In today's fast-paced and data-driven world, efficiently handling and processing large volumes of data can be crucial. Spring Webflux, a part of the Spring framework, provides a non-blocking, reactive approach to handling data streams, ensuring low resource consumption and high throughput. This article explores the power of Spring Webflux and its practical applications.

We will use the 4chan public API as our data source in this tutorial. The choice of the 4chan API is not an endorsement of the platform but a practical decision based on its public availability, lack of authentication requirements, and the nature of its data, which is suitable for demonstrating the capabilities of Spring Webflux.

Throughout the article, you will learn how to fetch data from the 4chan API, stream it continuously using Spring Webflux, and process the data to gain insights into the platform's metrics.

The git repository for this guide can be found here.

Dependencies and Project Structure

The 4chan Metrics Collector project is organized into two Gradle submodules: app and api-client. The settings.gradle.kts file is responsible for including these submodules in the project.

The build.gradle.kts file serves as the project's main build configuration. It defines the plugins, Java compatibility, configurations, repositories, and common dependencies for all submodules.

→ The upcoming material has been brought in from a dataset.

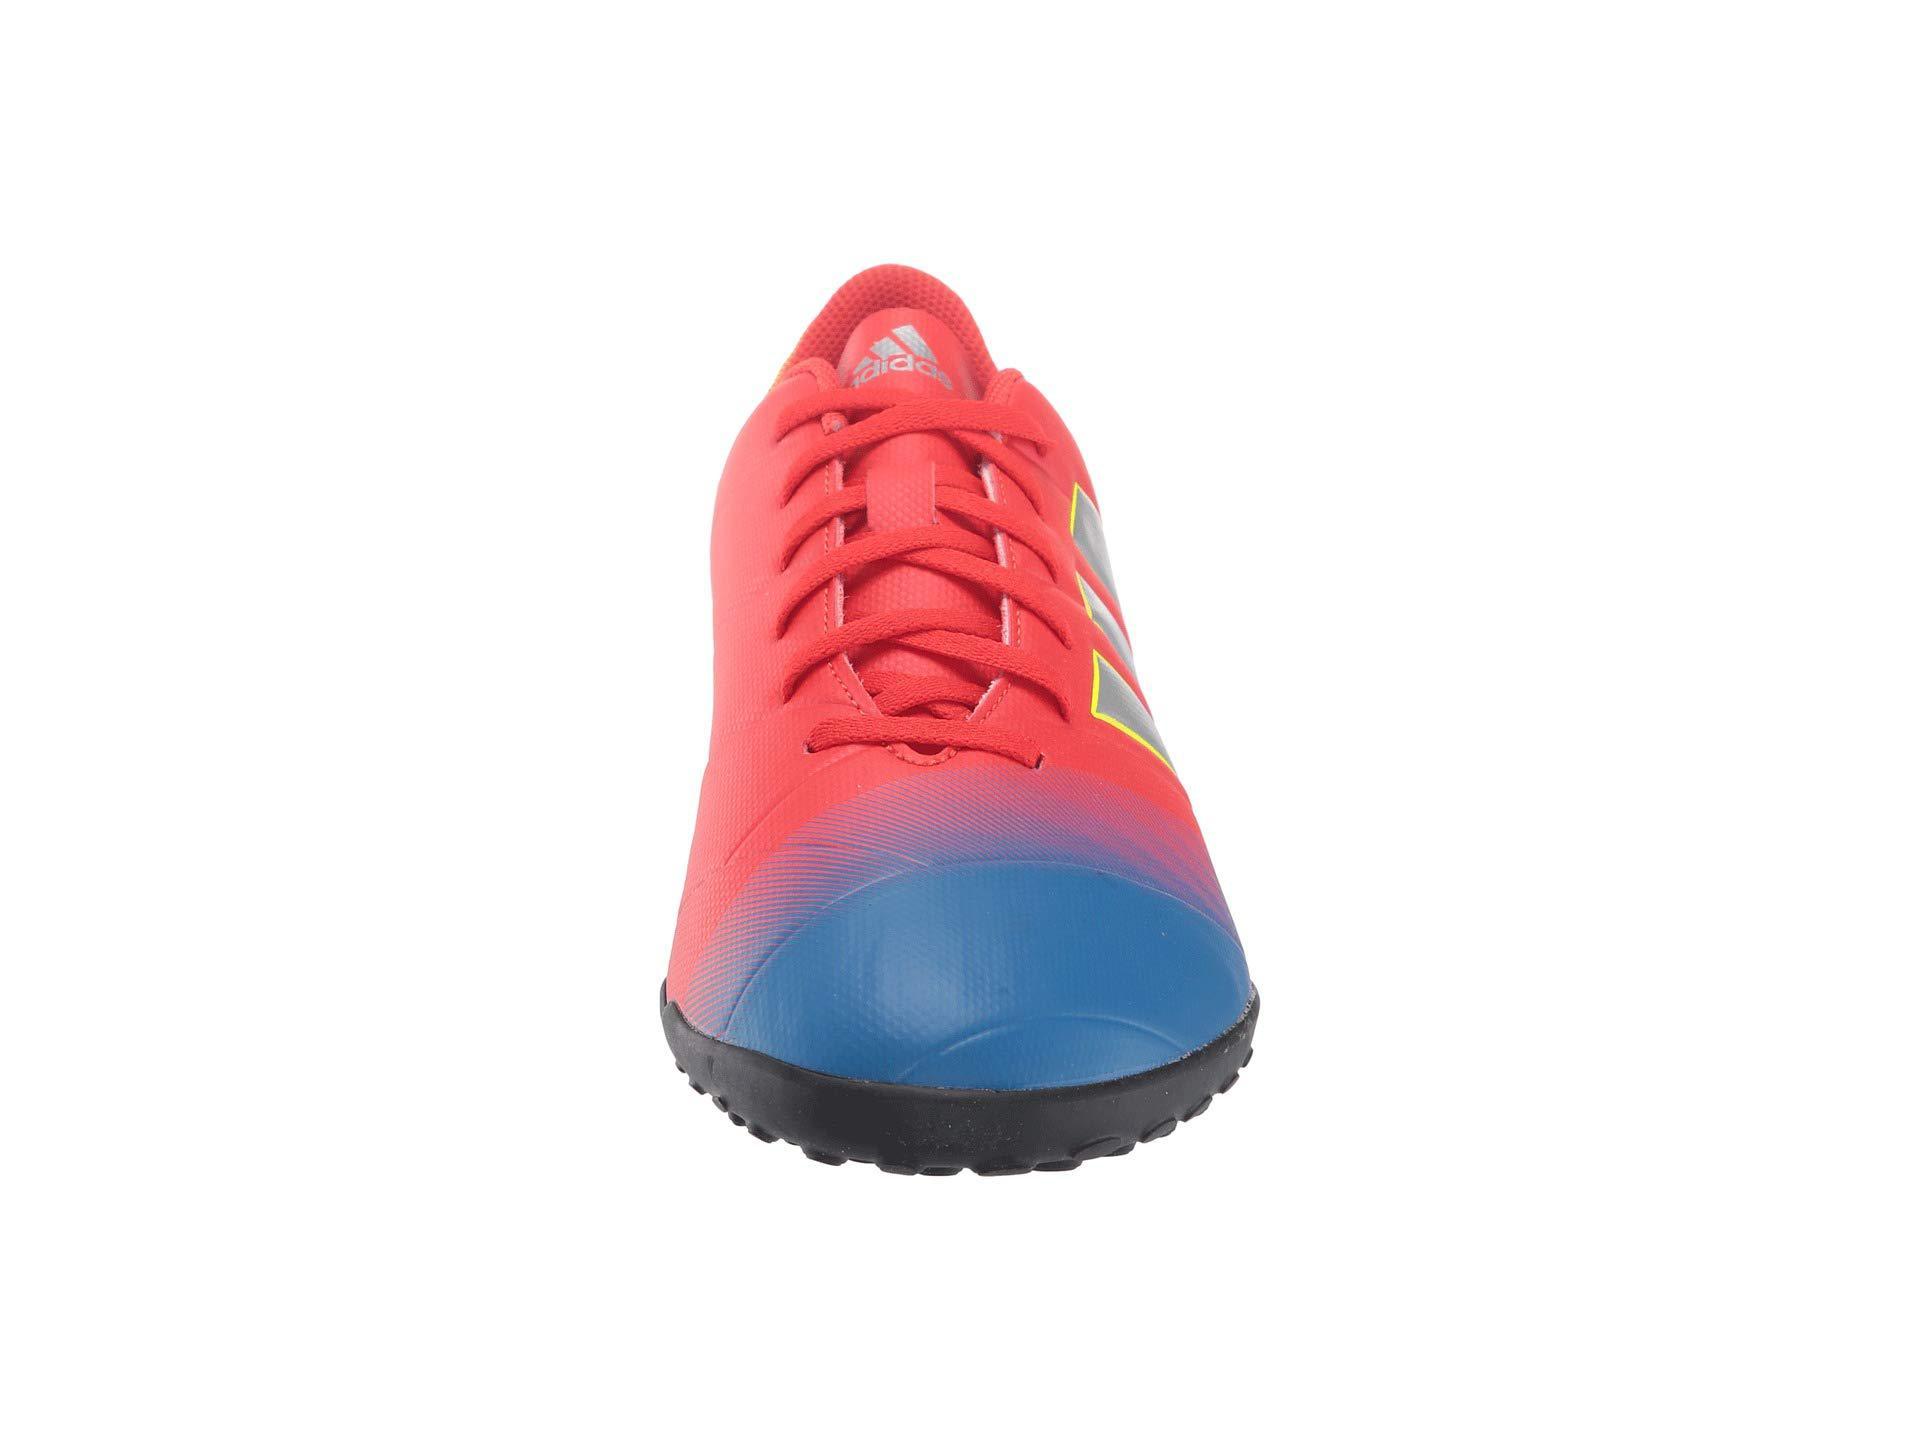 4795c4b1b2a Adidas - Multicolor Nemeziz Messi 18.4 Tf (active Red silver Metallic football  Blue. View fullscreen

Notable dependencies for this project include:

Spring Boot Actuator
Spring Boot WebFlux
Spring Boot AOP
Lombok
Micrometer Prometheus Registry

The app submodule, configured in app/build.gradle.kts, has a dependency on the api-client submodule. The app submodule is a Spring Boot application responsible for running the metrics collector. The api-client submodule, configured in api-client/build.gradle.kts, is a library containing the implementation of the API client used by the app submodule to access 4chan public API.

While the primary focus of this article is on using Spring Webflux for streaming data from the 4chan API, the project also demonstrates several other valuable features, such as:

Gradle project with Kotlin-based configuration
Starting and stopping threads at application startup and shutdown
Custom Spring configuration
Using Docker Compose to start the application, Prometheus, and Grafana together
Publishing metrics to Prometheus
Using Grafana to graph published metrics

Fetching, Streaming, and Processing Data with Spring Webflux

In this section, we will explore how the application fetches data from the 4chan API, streams the data using Spring Webflux, and processes it to collect and publish metrics.

Overview

The process starts with the MetricsCollector class, which schedules periodic requests to the 4chan API based on the configured boards in the application.yml file. For each board, a Flux is created to emit data, and these Flux instances are merged into a single Flux that the application subscribes to. As the data streams through the subscription, the application publishes metrics to Prometheus.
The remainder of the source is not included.